DATASET EXCERPT.
*** Block opens ***
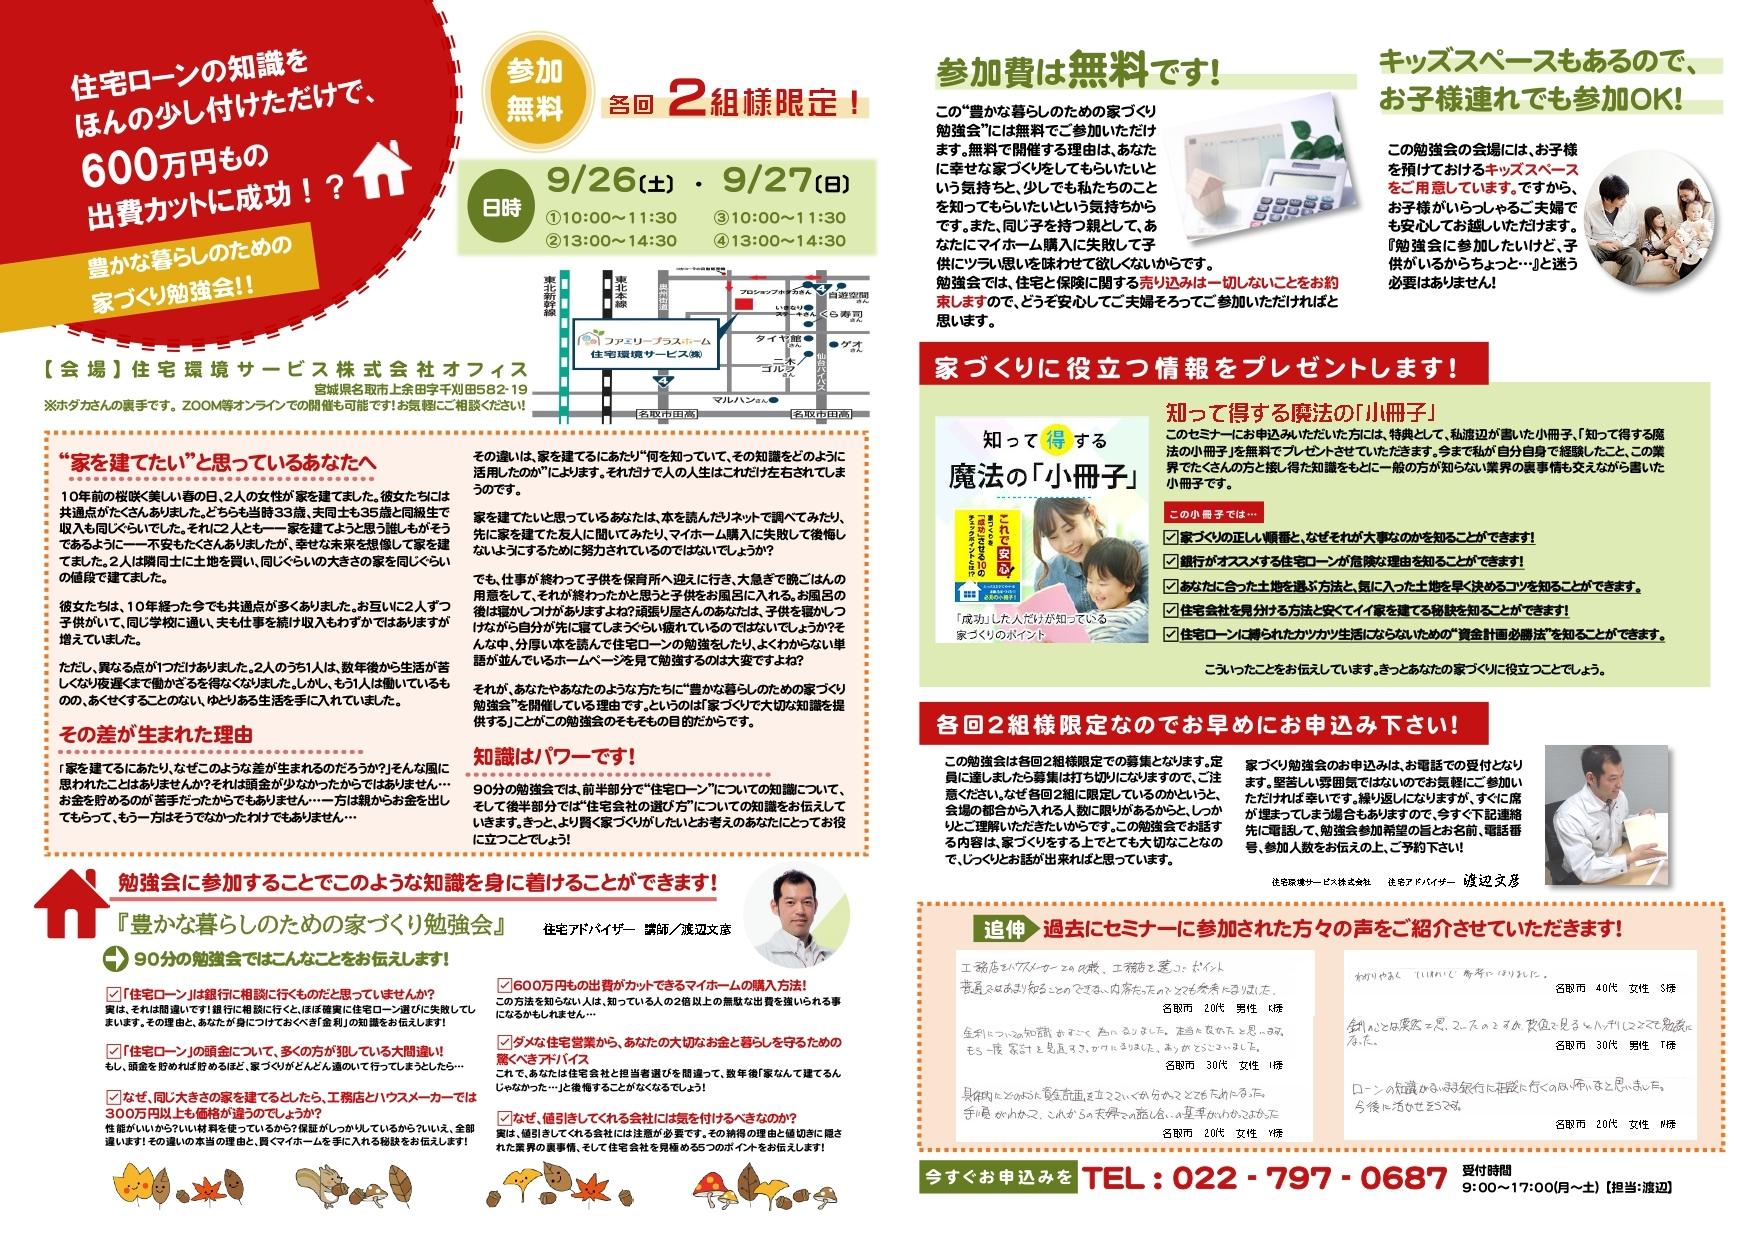 http://www.jutakukankyo-service.jp/899f7a8cf7e53248f8ce16ee4fd6bb73c463e2d5.jpg
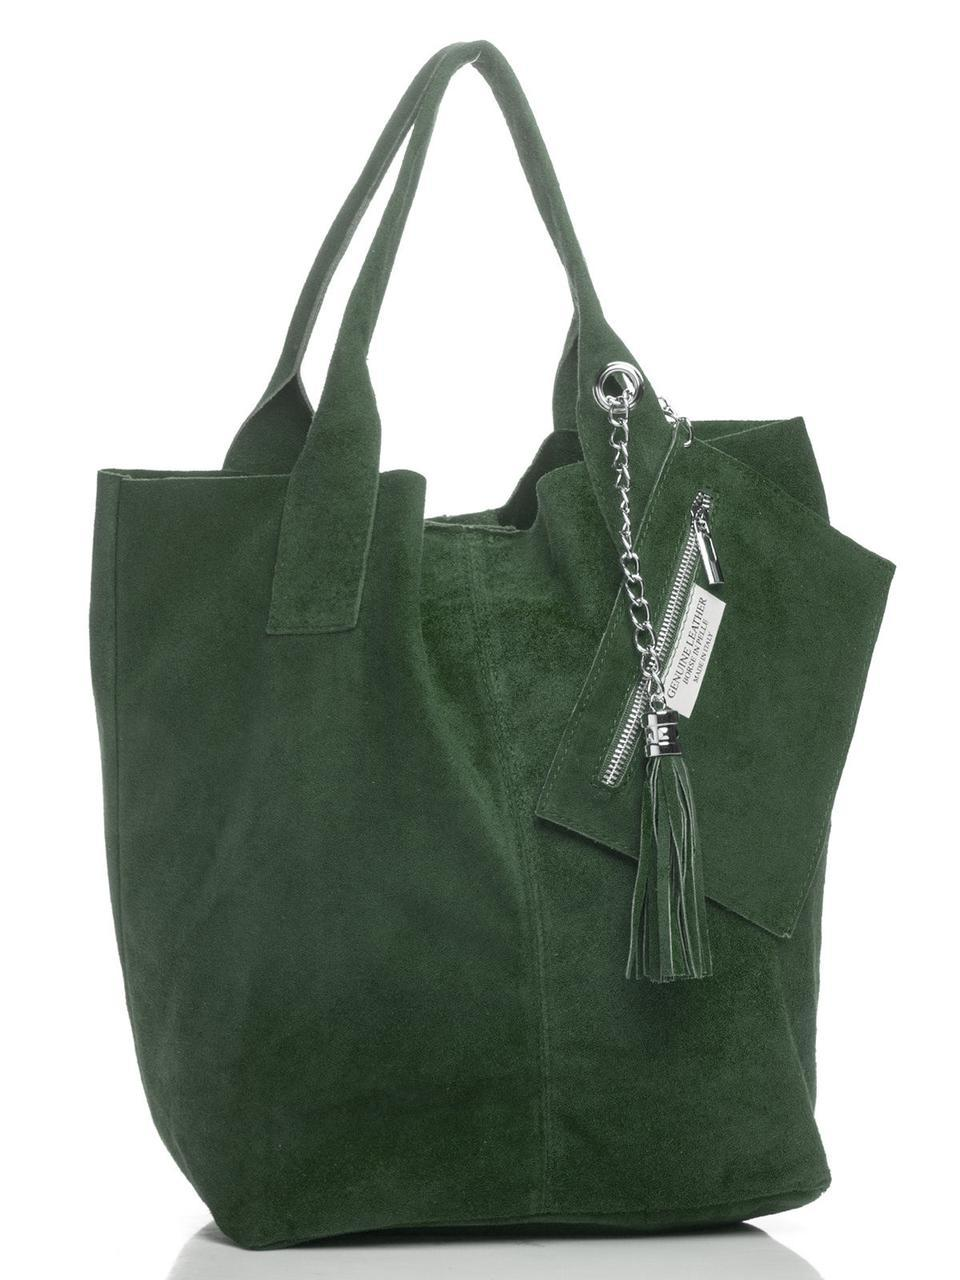 Cумка-шопер ARIANNA женская Diva's Bag темно-зеленая 27 см х 36 см х 18 см
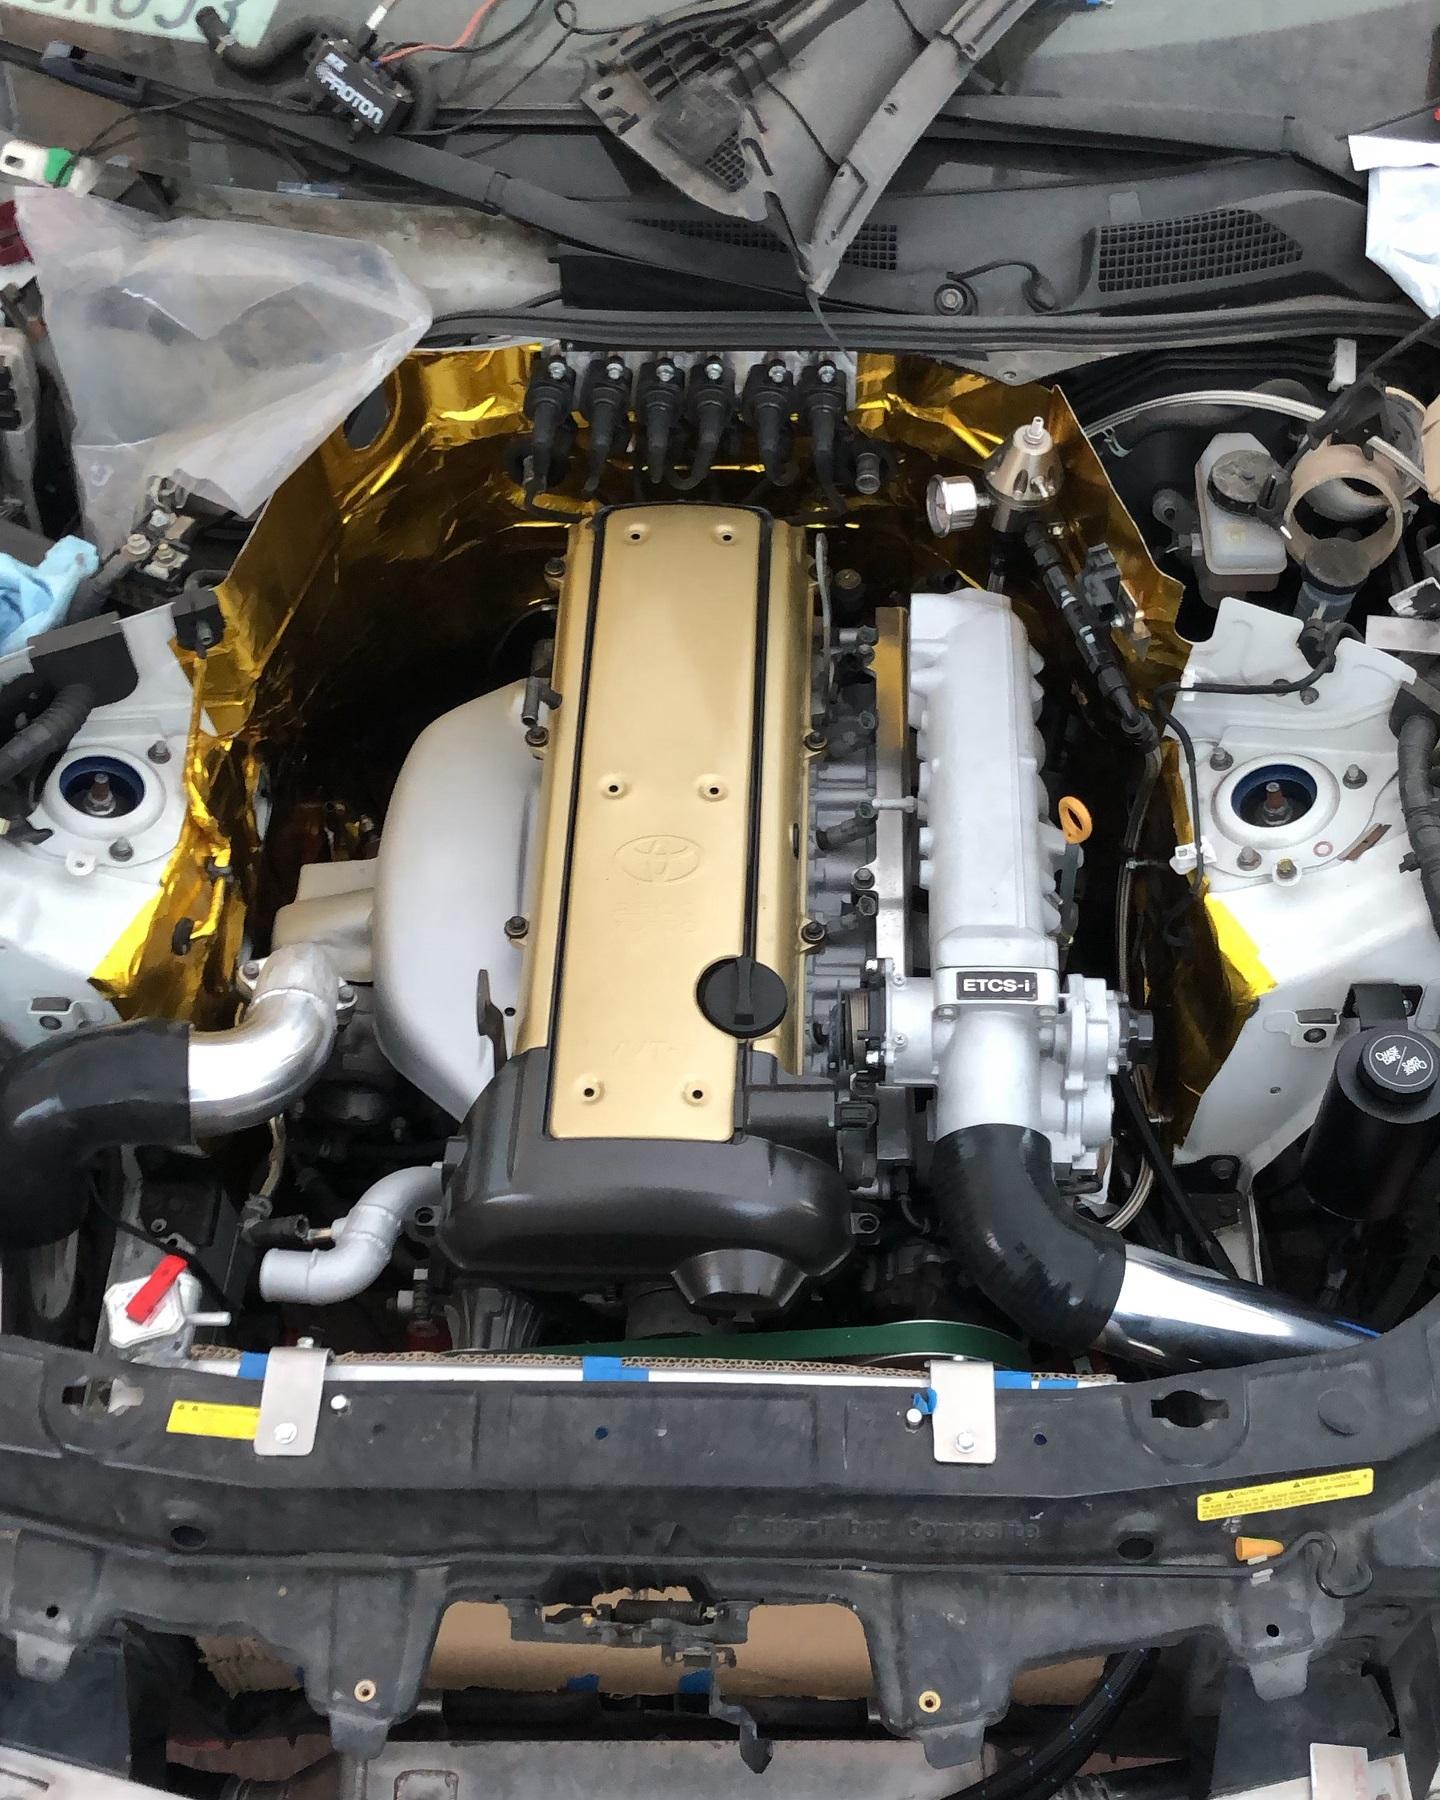 Chase Bays Power Steering Kit - Nissan 350Z / Infiniti G35
*** Block closes ***
All lines of the material above should be returned unchanged, but no pictures should be included.

WRITTEN ANSWER.
 http://www.jutakukankyo-service.jp/899f7a8cf7e53248f8ce16ee4fd6bb73c463e2d5.jpg
 Cумка-шопер ARIANNA женская Diva's Bag темно-зеленая 27 см х 36 см х 18 см
 Chase Bays Power Steering Kit - Nissan 350Z / Infiniti G35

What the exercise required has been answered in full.